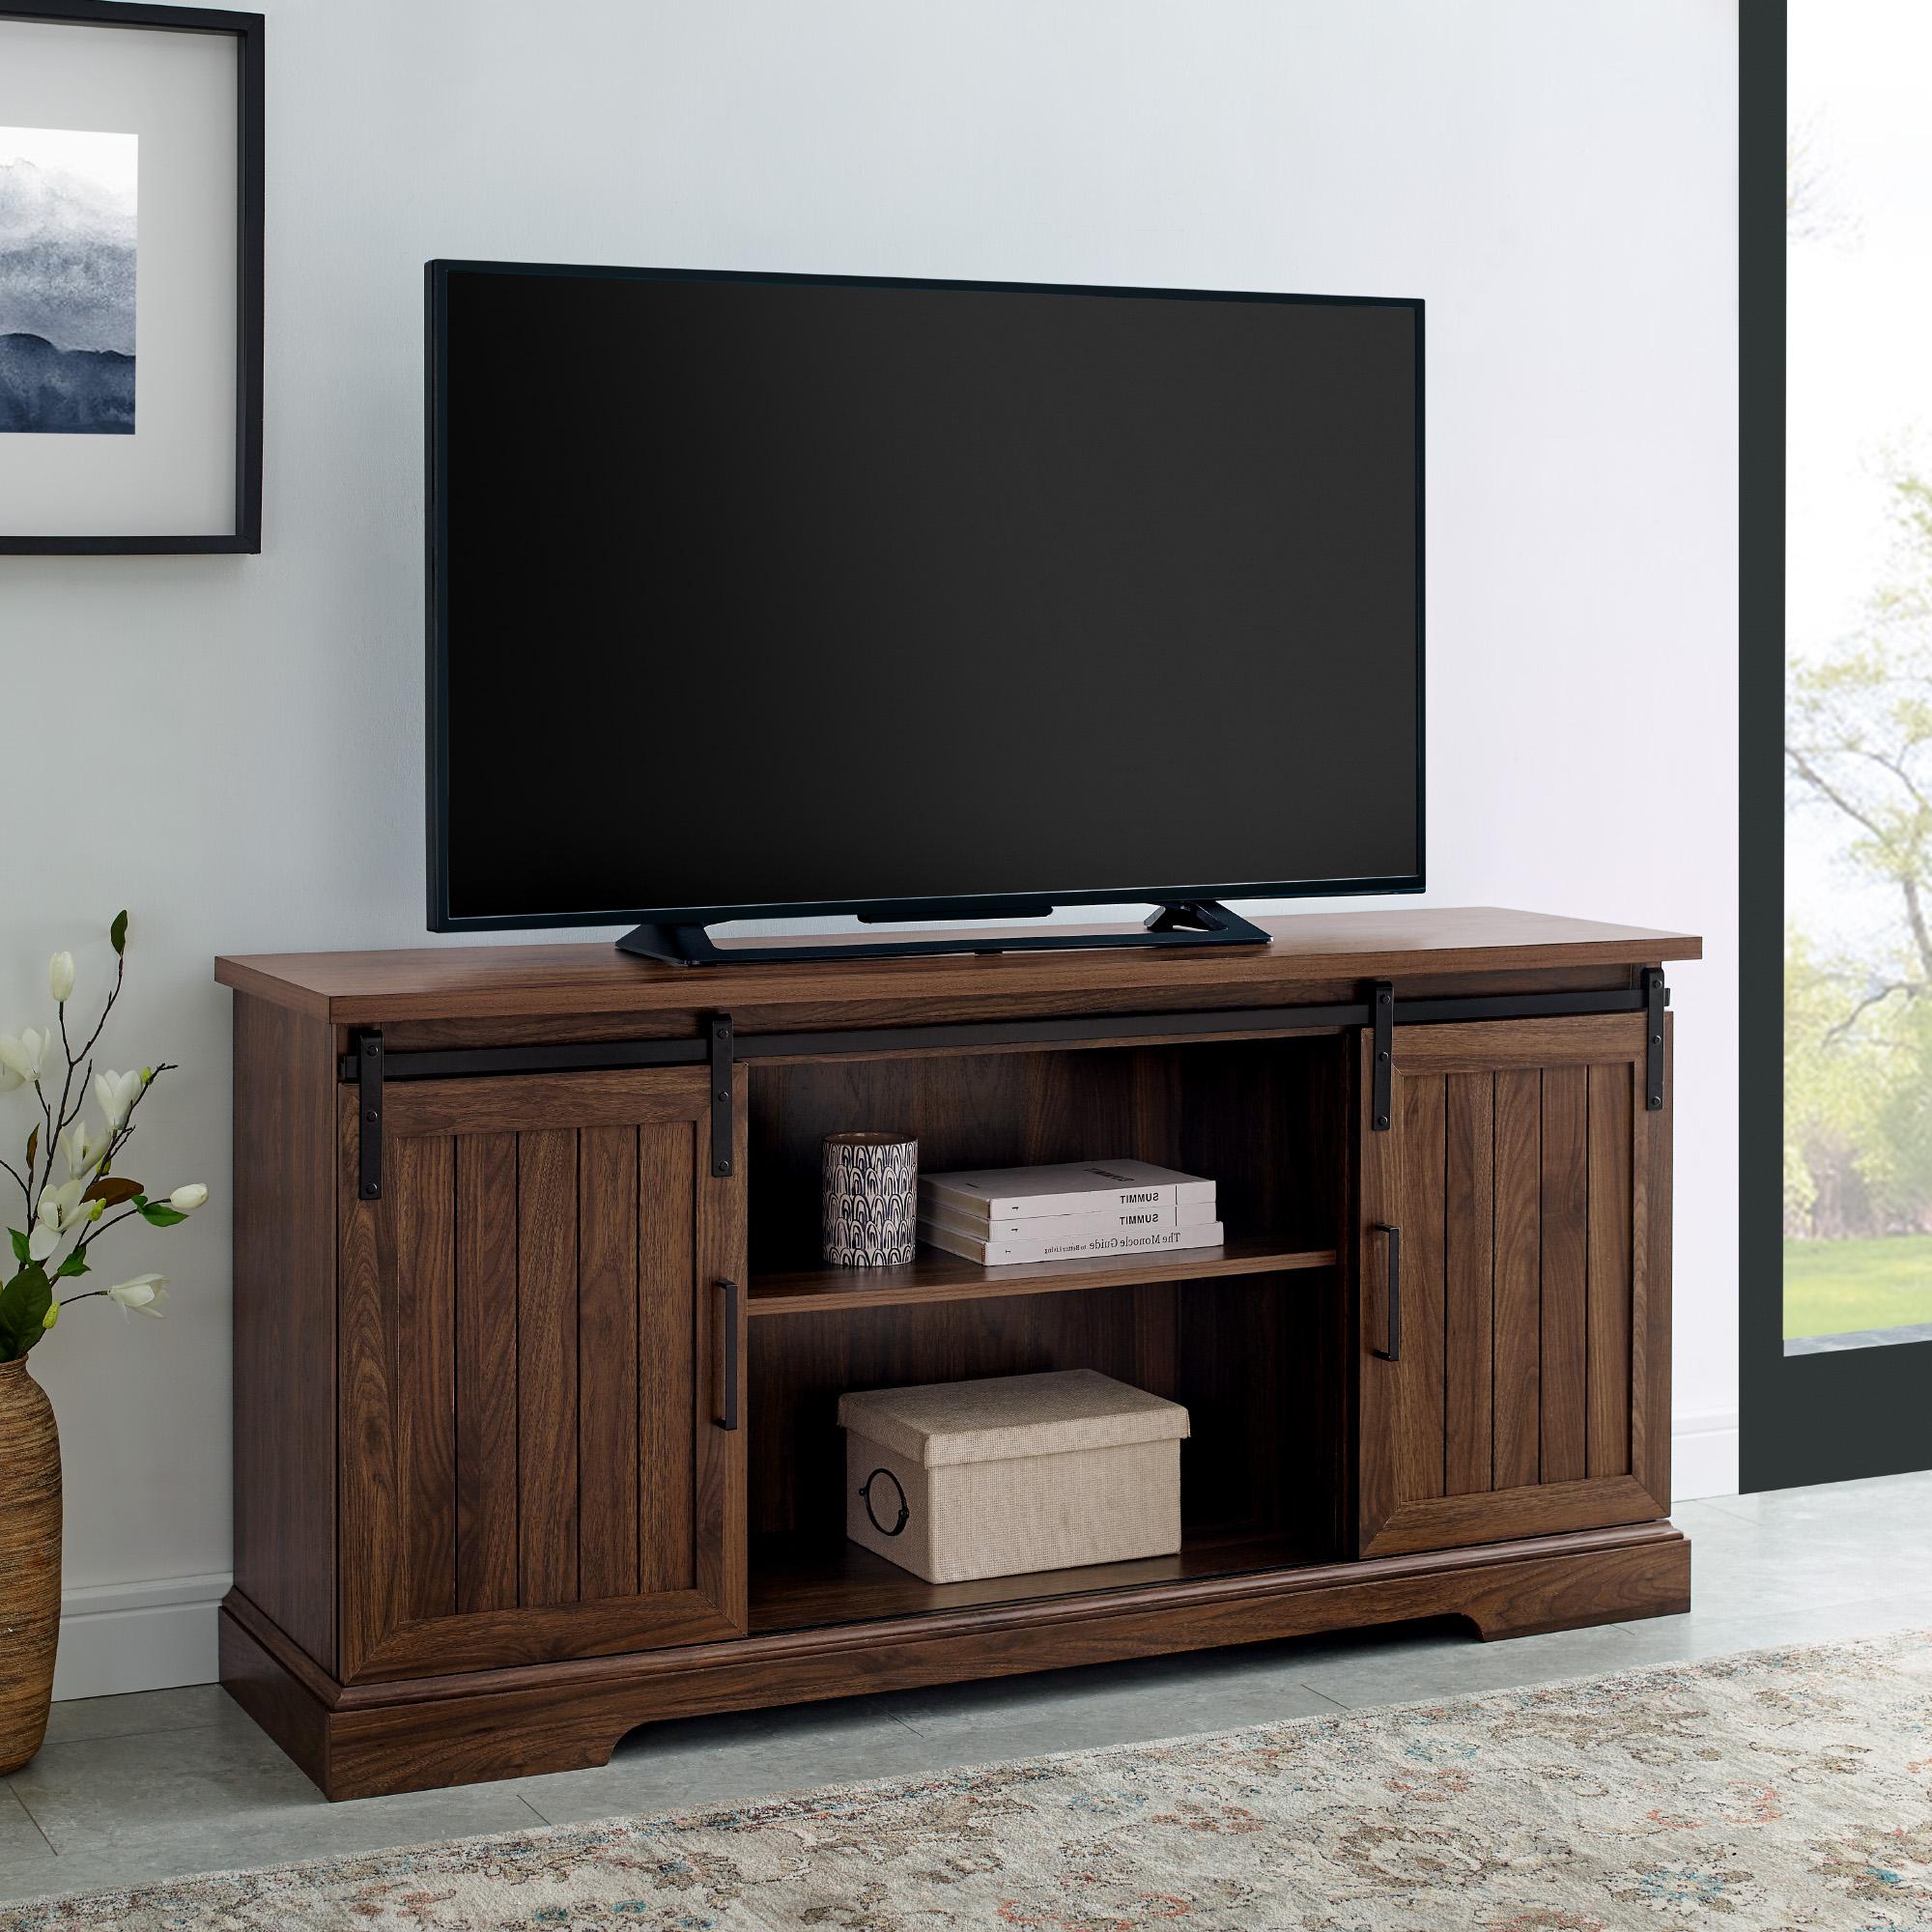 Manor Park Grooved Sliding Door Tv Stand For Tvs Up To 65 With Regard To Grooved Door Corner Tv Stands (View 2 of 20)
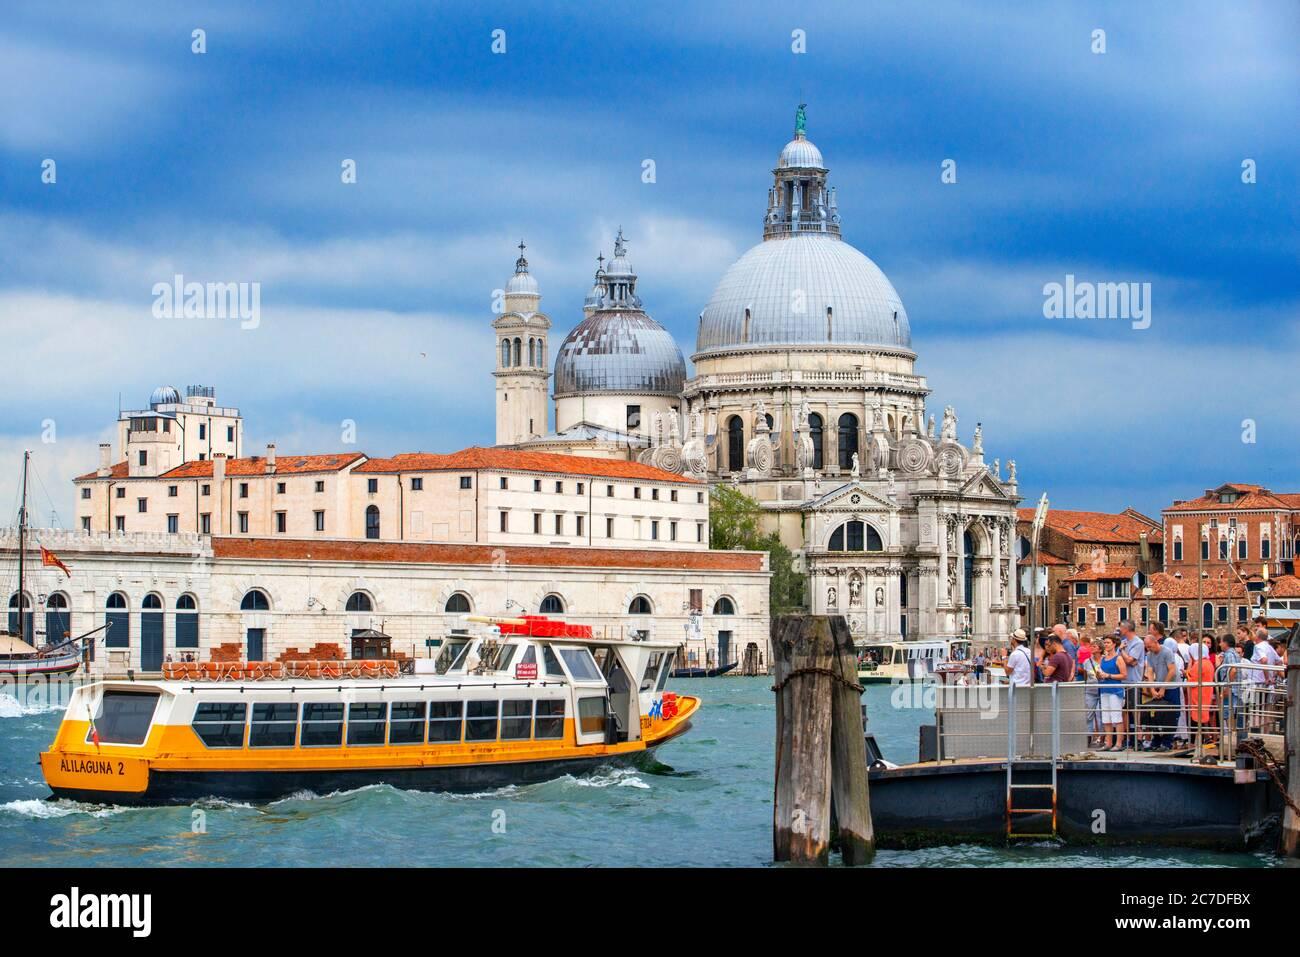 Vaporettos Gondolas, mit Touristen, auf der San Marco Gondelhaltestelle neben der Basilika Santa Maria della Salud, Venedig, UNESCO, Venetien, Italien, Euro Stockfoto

---

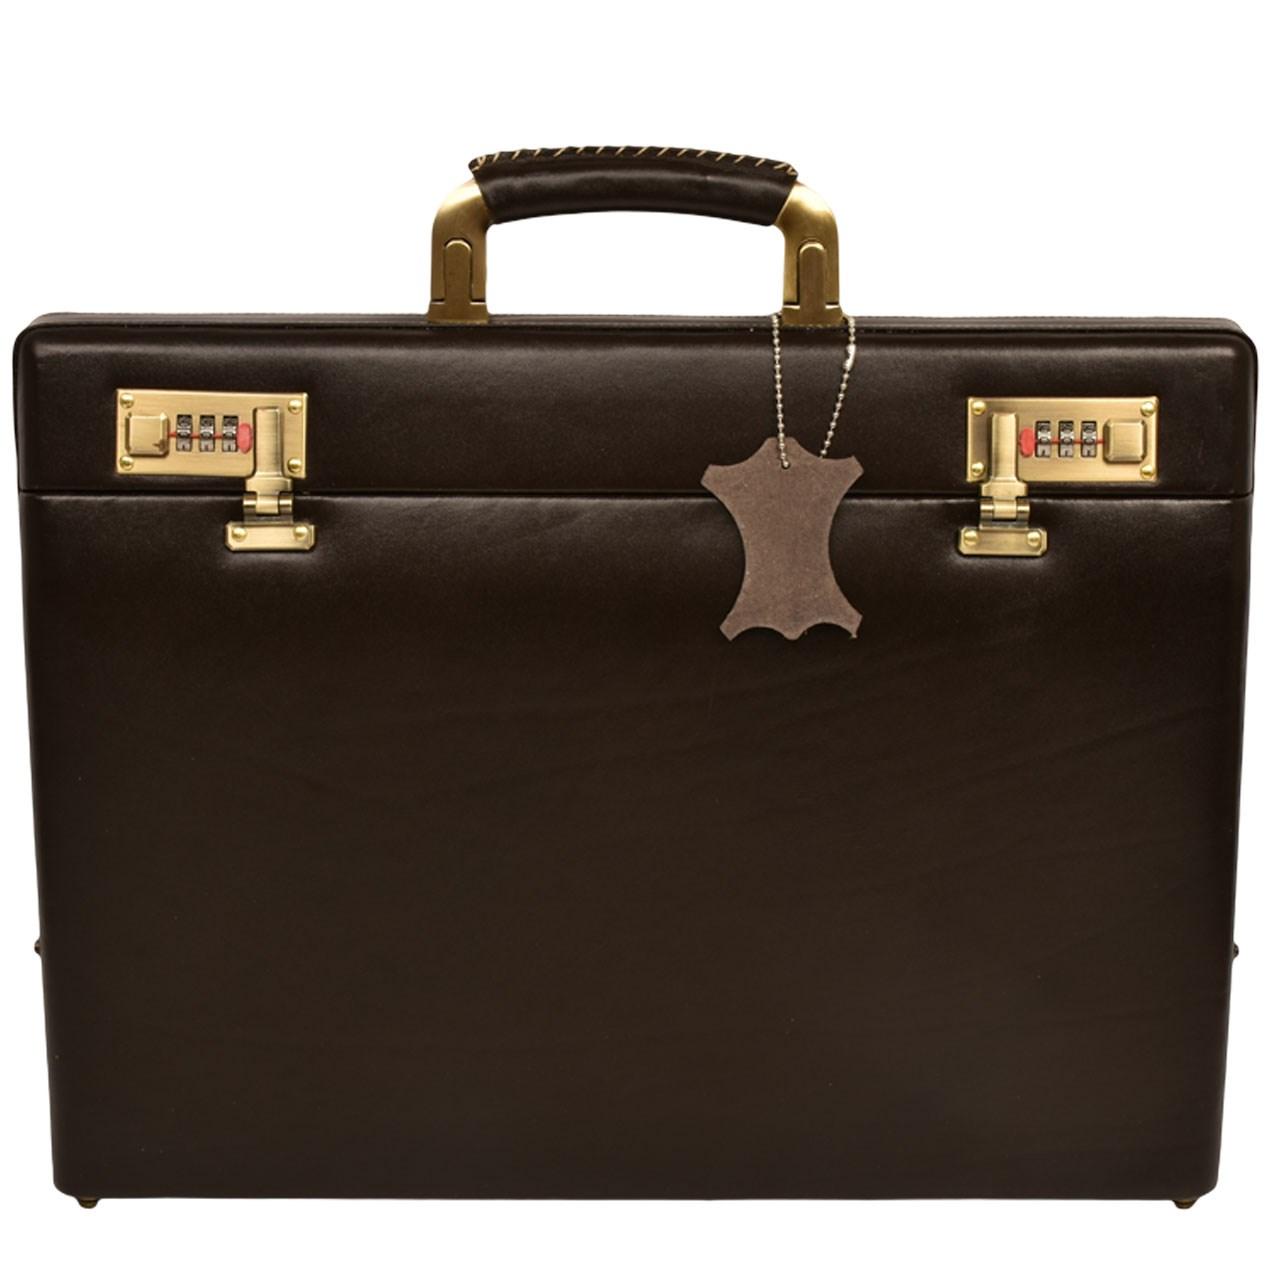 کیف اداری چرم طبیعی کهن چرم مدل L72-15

* * *

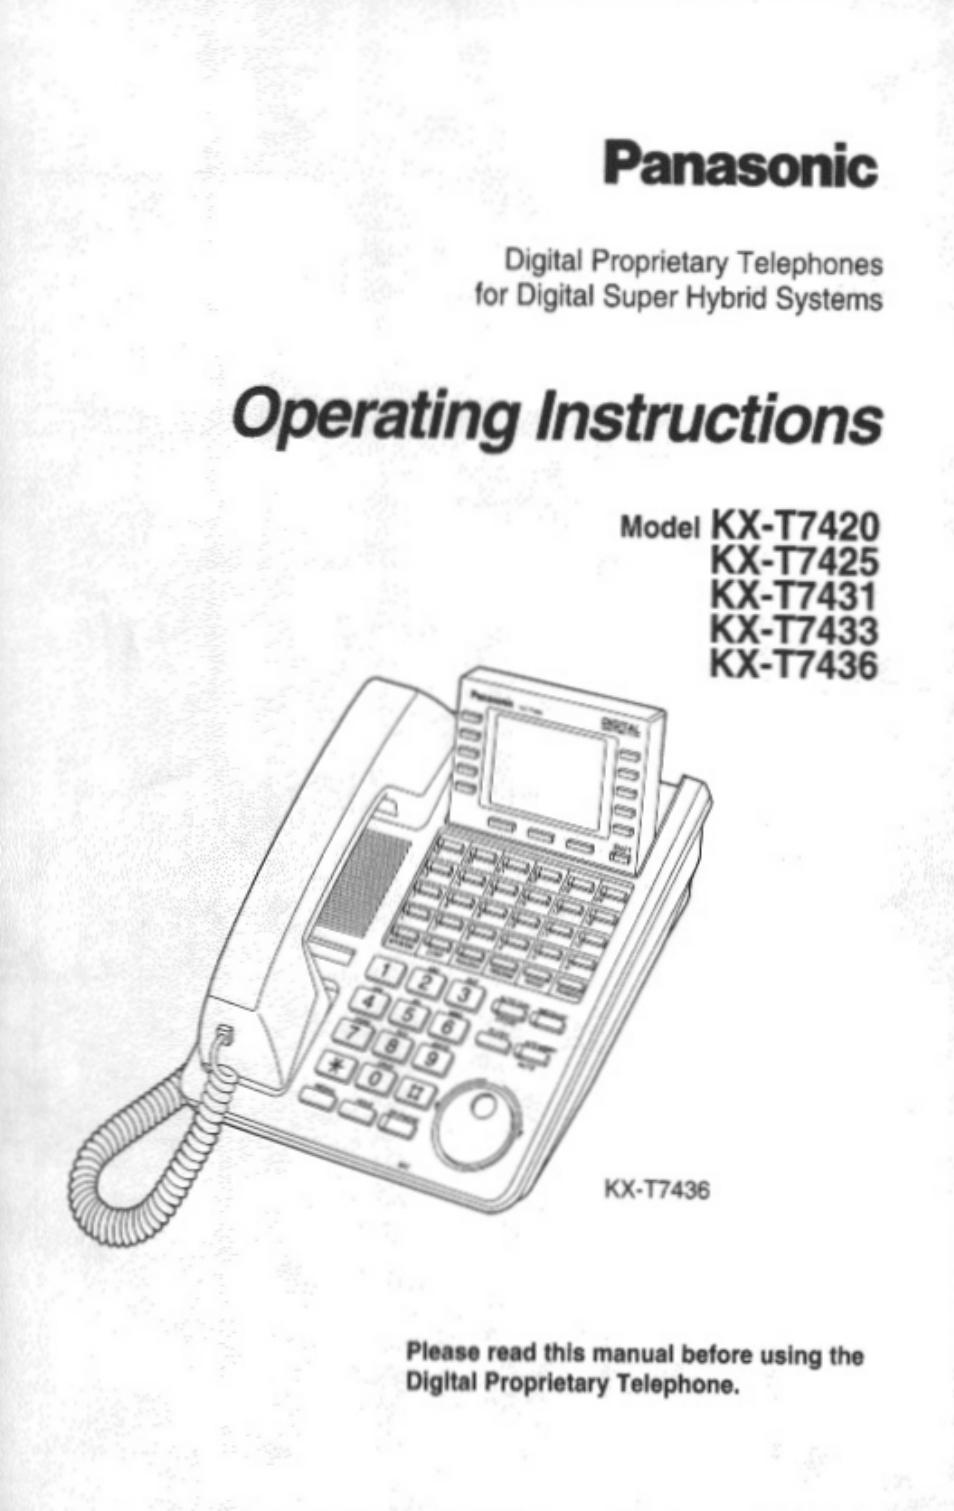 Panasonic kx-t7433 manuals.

[Problem to work on] Look above for the line with "Manor Park Grooved" and copy exactly from it through the line with "Vaporettos Gondolas, mit", both included. Omit the pictures.

[Task result]
 Manor Park Grooved Sliding Door Tv Stand For Tvs Up To 65 With Regard To Grooved Door Corner Tv Stands (View 2 of 20)
 Vaporettos Gondolas, mit Touristen, auf der San Marco Gondelhaltestelle neben der Basilika Santa Maria della Salud, Venedig, UNESCO, Venetien, Italien, Euro Stockfoto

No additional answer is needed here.